University Hospital Ostrava

Status

Enrolling

Conditions

Invasive Candidiasis

Treatments

Other: Urine sample collection for future research

Diagnostic Test: Invasive candidiasis test

Study type

Observational

Funder types

Other

Identifiers

NCT06456151

SGS06/LF/2024 (Other Grant/Funding Number)

ULM-01-Invasive candidiasis

03/RVO-FNOs/2024 (Other Grant/Funding Number)

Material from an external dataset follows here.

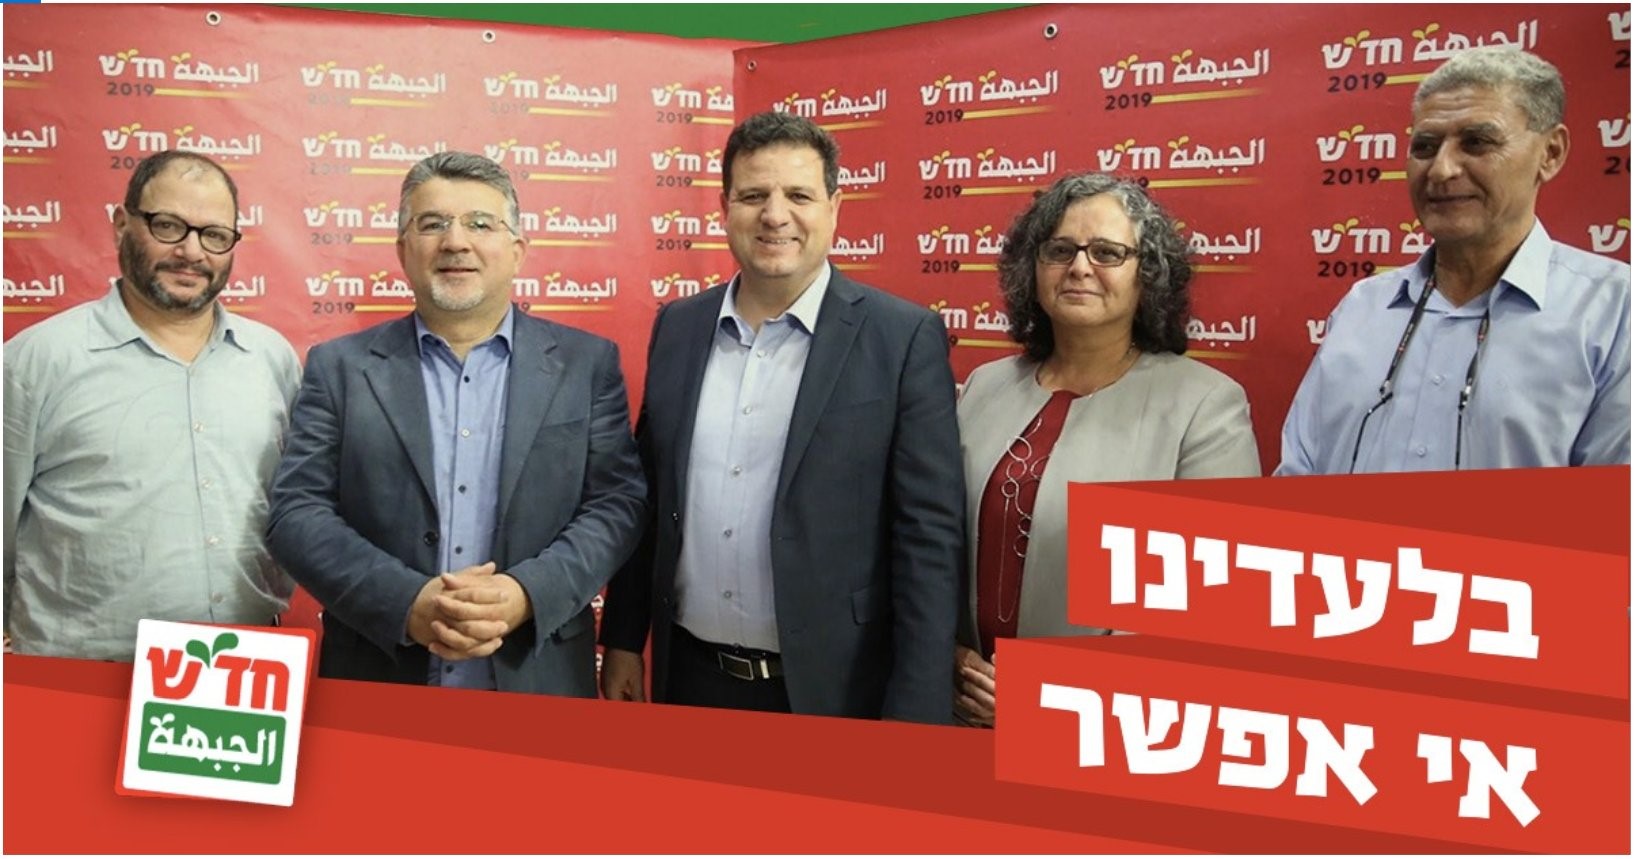 Hadash's first five candidates for the 24th Knesset at an electoral rally; all are currently MKs in the outgoing Knesset. From left to right they are: Ofer Cassif (#3), Youssef Jabareen (#4), Ayman Odeh (#1 – also head of the Joint List), Aida Touma-Sliman (#2), and Jabar Asakla (#5). "Without us it's not possible."

Details and patient eligibility

About

The combination of acute phase marker monitoring and the "T2Candida" assay (name of the test) will represent an acceleration of the identification of the causative agent of mycotic infection, a significant improvement in the specificity and positive predictive value of this strategy in the diagnosis of invasive candidiasis and candidemia in ICU patients, thereby improving the clinical condition of patients and reducing the cost of specific antifungal therapy.

Full description

Speed of response in the treatment of sepsis is crucial for the patient. The time from the collection of a positive haemoculture to the identification of the causative agent of sepsis is around 2 days; therefore, physicians in intensive care units deploy combined empiric antibiotic and antifungal therapy immediately when acute phase markers such as procalcitonin, interleukin-6, Presepsin, C-reactive protein are elevated. A new acute phase marker is lipopolysaccharide-binding protein, which, together with Presepsin, appears to be a suitable marker to distinguish invasive candida infections from bacterial infections. But its kinetics needs to be further analyzed.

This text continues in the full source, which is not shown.